WHAT THE TASK ASKS -
An exact copy of the data is required; the images should not appear in it.

SUPPLIED MATERIAL -
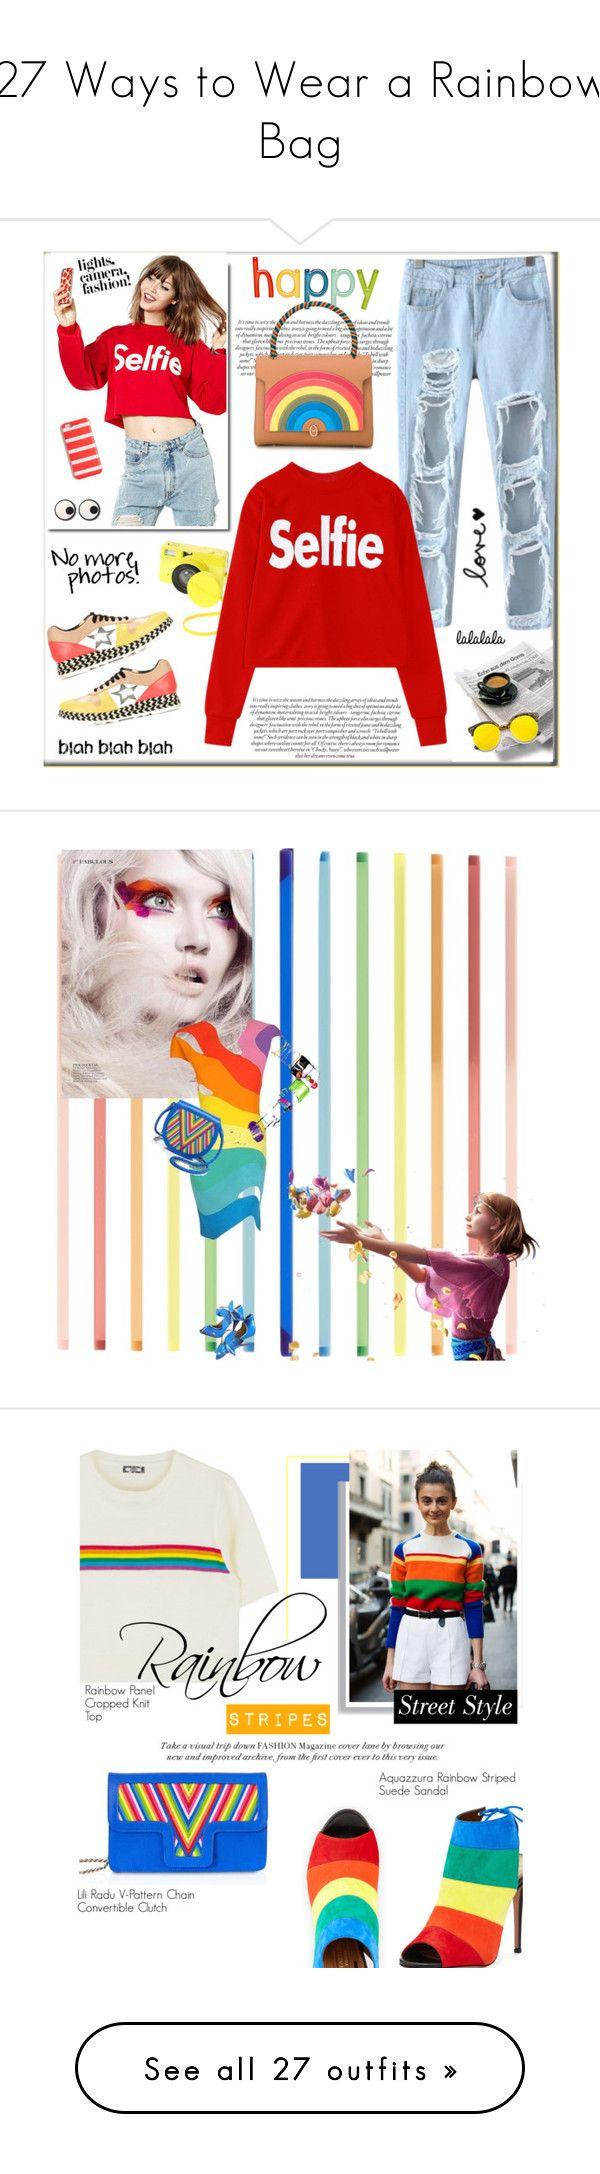 """27 Ways to Wear a Rainbow Bag"" by polyvore-editorial ❤ liked on Polyvore featuring waystowear, rainbowbag, Chicnova Fashion, Submarine, STELLA McCARTNEY, Anya Hindmarch, J.Crew, Revo, Mary Katrantzou and Thierry Mugler"
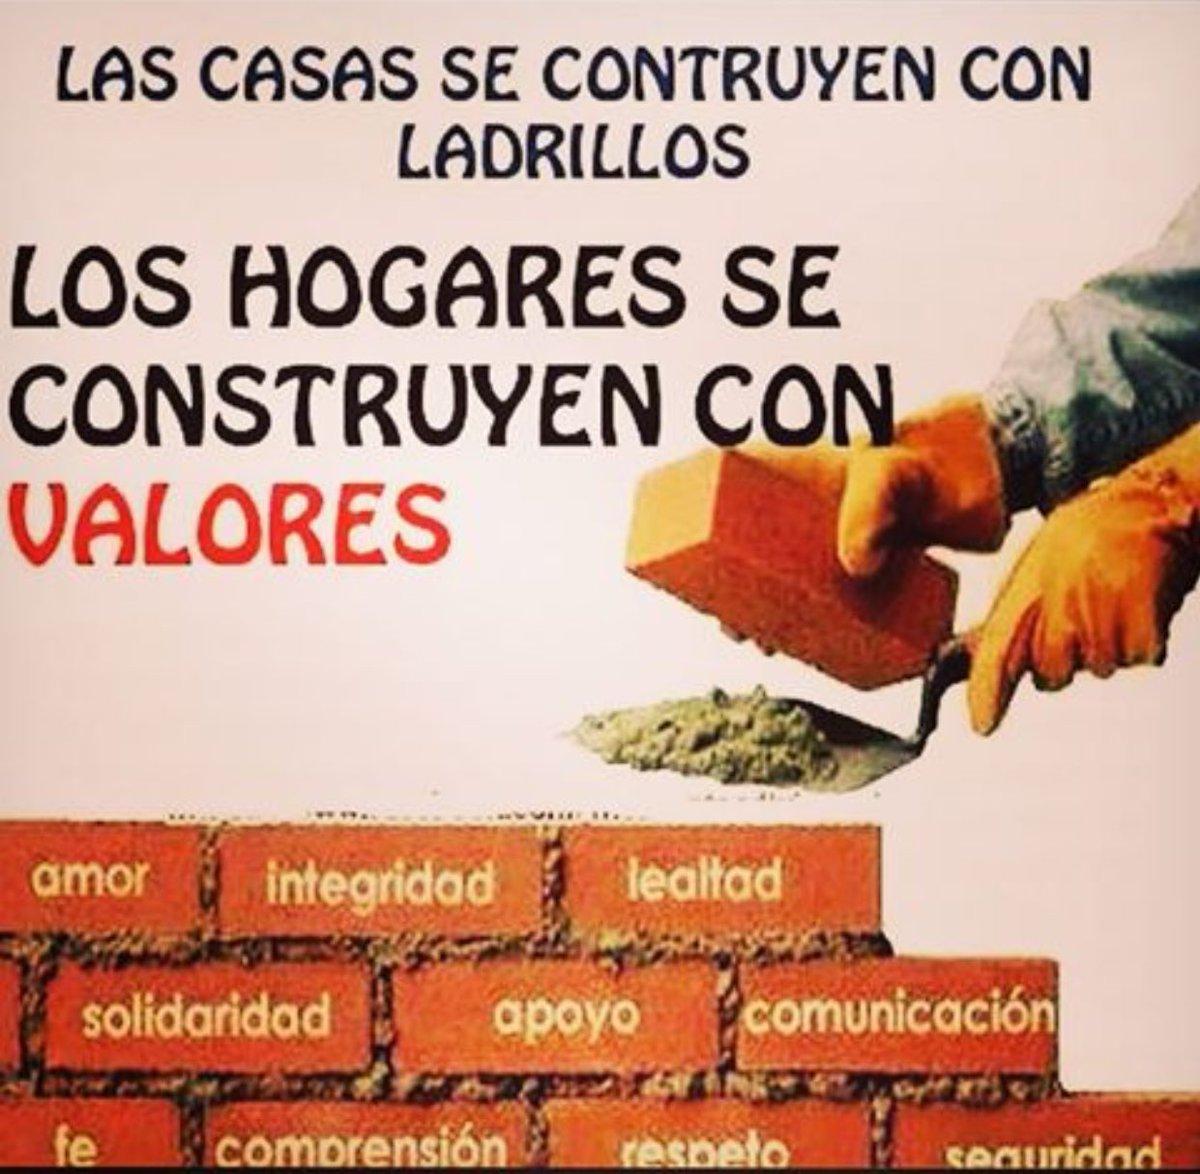 a6dd5ae37 Mary de Quevedo on Twitter:
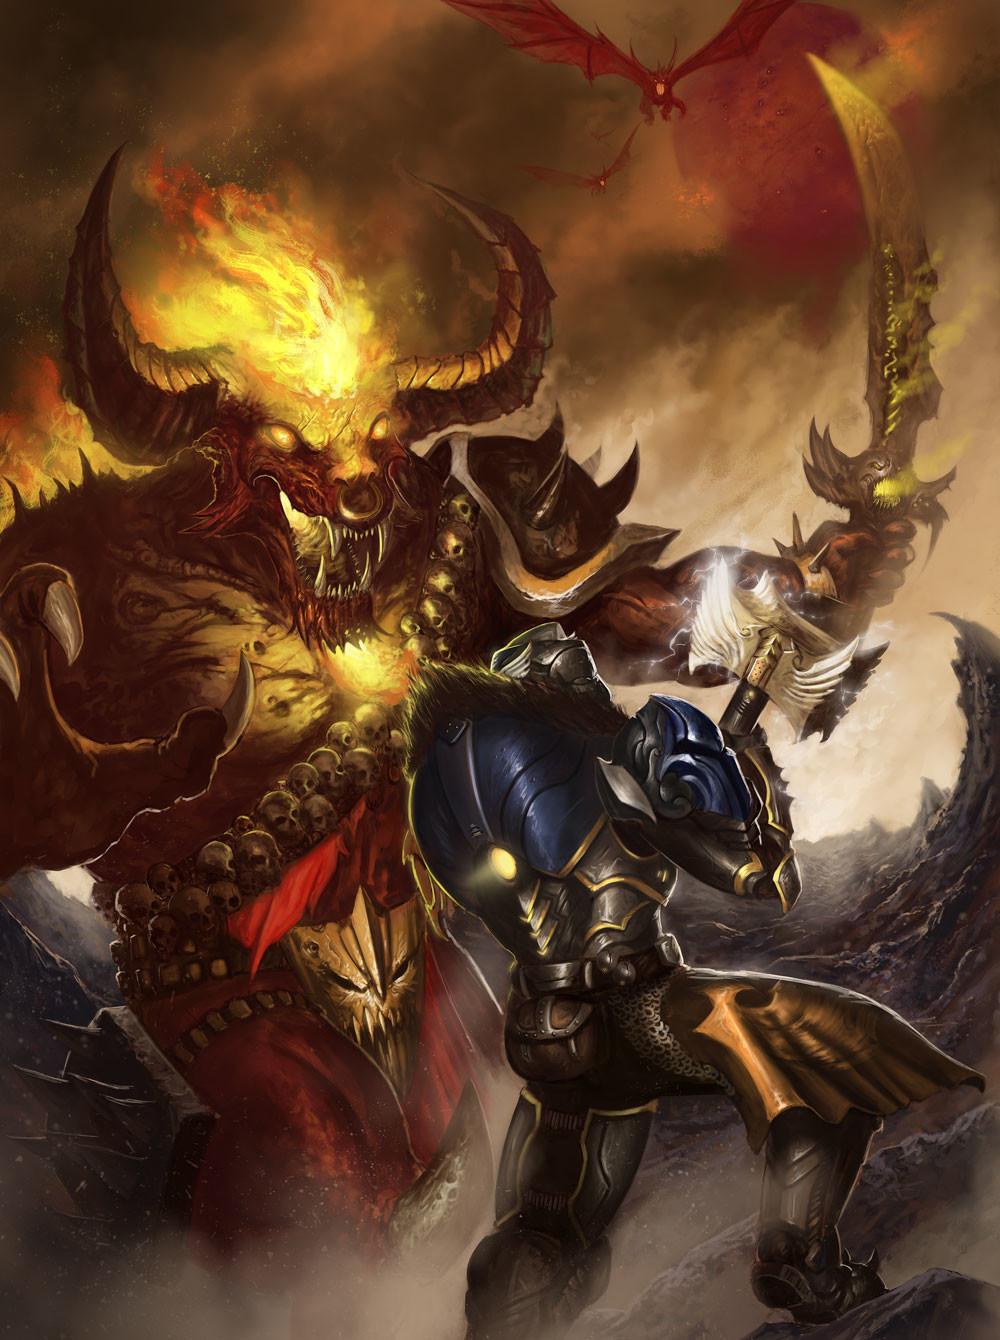 Michael rookard alexandros v blackmetallord f1

PROBLEM SOLUTION -
 """27 Ways to Wear a Rainbow Bag"" by polyvore-editorial ❤ liked on Polyvore featuring waystowear, rainbowbag, Chicnova Fashion, Submarine, STELLA McCARTNEY, Anya Hindmarch, J.Crew, Revo, Mary Katrantzou and Thierry Mugler"
 a6dd5ae37 Mary de Quevedo on Twitter:
 Michael rookard alexandros v blackmetallord f1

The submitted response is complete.